Keindahan  lainnya, orang yang semula suka bergunjing, berbohong, menyusun strategi menjatuhkan dan atau mengalahkan temannya sendiri, bahkan juga korupsi, maka di bulan Ramadhan kegiatan yang tidak terpuji itu berhenti. Kedamaian, kejujuran, ketulusan, keikhlasan, terasa di mana-mana pada bulan Ramadhan.
 
Pada bulan ramadhan,  orang juga berubah menjadi suka memberi dan atau berderma. Pada saat berbuka puasa, di masjid-masjid menjadi banyak orang datang membawa makanan untuk berbuka puasa.
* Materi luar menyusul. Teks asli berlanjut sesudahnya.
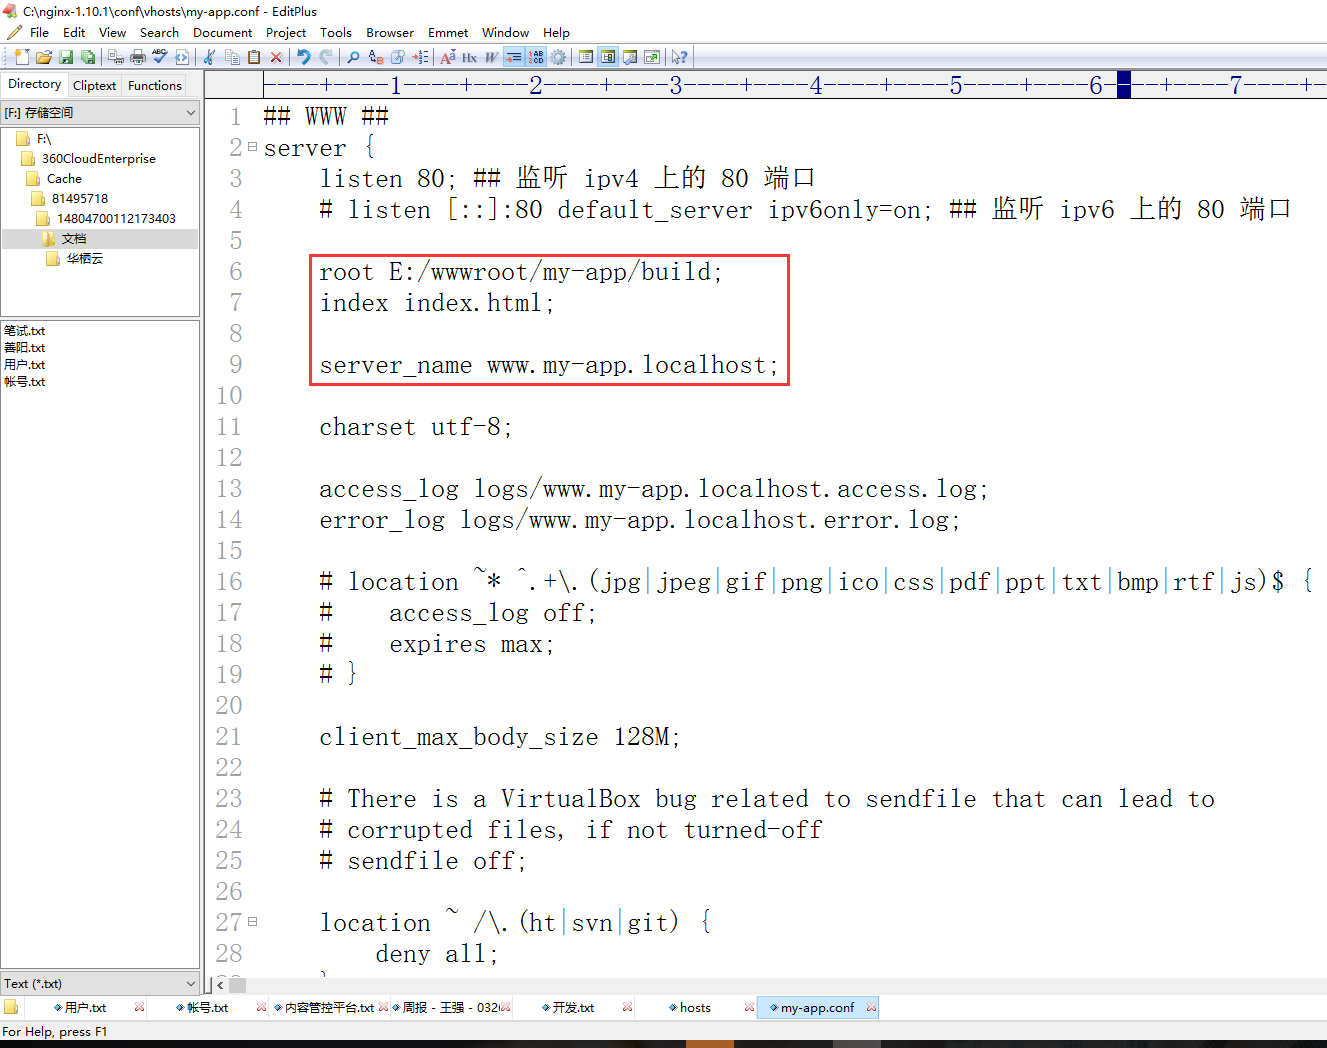 部署在 Nginx,提供index.html,新建:C:\nginx-1.10.1\conf\vhosts\my-app.conf
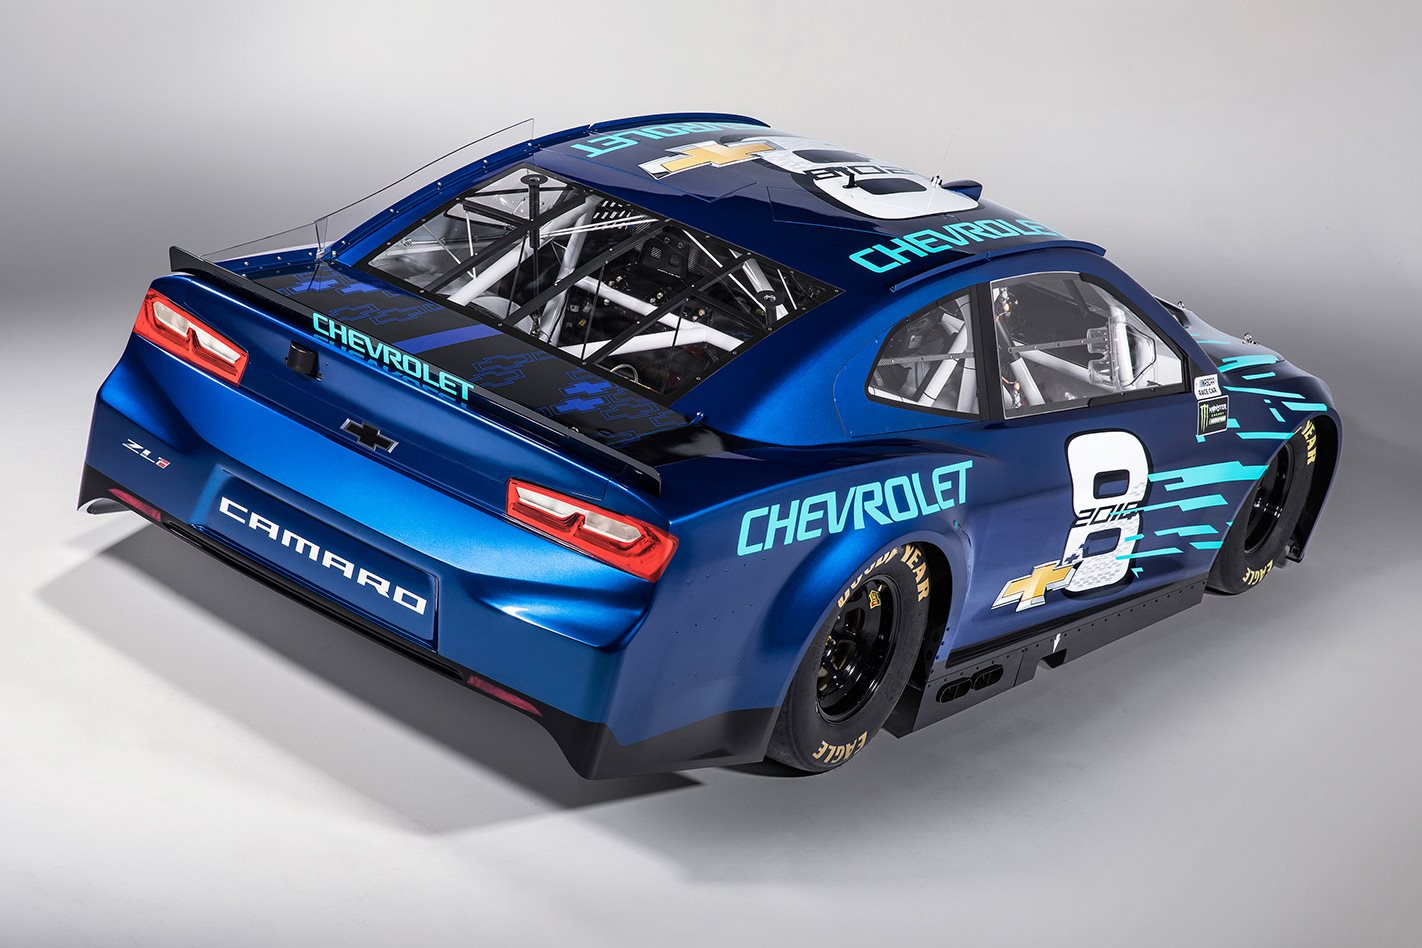 2018 Chevrolet Camaro ZL1 NASCAR cup series rear

Di bulan itu ada perasaan suka memberi dan berusaha meringankan beban orang lain, siapapun orangnya dan tidak harus memilih. Memasuki bulan Ramadhan, maka hati dan pikiran  terasa menjadi lebih aman dan tenteram.
 
Kita masuk dan berada di bulan ramadhan. Kita menjadi tamu bulan Ramadhan. Bulan yang istimewa. Sebagai tamu, dan tentu  tamu yang baik,  segala   ketentuan tuan rumah atau pemilik rumah harus diikuti sesempurna mungkin. Seorang tamu tidak boleh mengatur tuan rumah. Tamu ya tamu. Posisi tamu selalu diatur dan bukan mengatur. Apalagi tamu ke tempat yang mulia, ialah Bulan Ramadhan itu.
 
Bulan Ramadhan mengatur terhadap siapapun yang datang sebagai tamu, agar berpuasa di siang hari. Pada malam harinya para tamu dianjurkan untuk shalat malam, yaitu shalat tarweh, sholat witir, dan juga banyak membaca al Qur’an, berdoa, dan lain-lain. Siapapun yang bertamu di bulan Ramadhan tidak boleh melakukan apa saja yang merusak, baik terhadap dirinya sendiri dan atau orang lain. Ramadhan adalah bulan mulia dan indah, maka semua harus melakukan hal-hal yang indah, suci, dan terpuji.   
 
Begitu indah dan mulia Bulan Ramadhan.  Siapapun yang bertamu  ke bulan mulia itu,  maka harus masuk dan juga keluar  dengan hati dan pikiran yang bersih, penuh suka cita, damai, dan ikhas. Suasana yang indah dan penuh kedamaian itulah hingga  menjadikan bagi siapapun yang bertamu dan mau menyesuaikan diri dengan apa saja yang dikehendaki oleh tuan rumah,  yaitu Ramadhan, maka  akan meraih derajad taqwa.
 
Sebagai tuan rumah, Ramadhan tidak memerlukan debat sengit. Tuan rumah, yaitu Bulan Ramadhan menyukai   jiwa, hati, dan pikiran  bersih,  agar  terjadi suasana kedamaian  sejati. Perdebatkan tentang saat masuk dan saat  keluar bulan itu tidak terlalu diperlukan. Ramadhan tidak menyukai perdebatan, dan apalagi hingga melahirkan perpecahan. Ramadhan lebih menyukai kedamaian.  Para tamu saja seharusnya menyesuaikan diri dengan keinginan Bulan Ramadhan yang indah dan mulia  itu. Wallahu a’lam.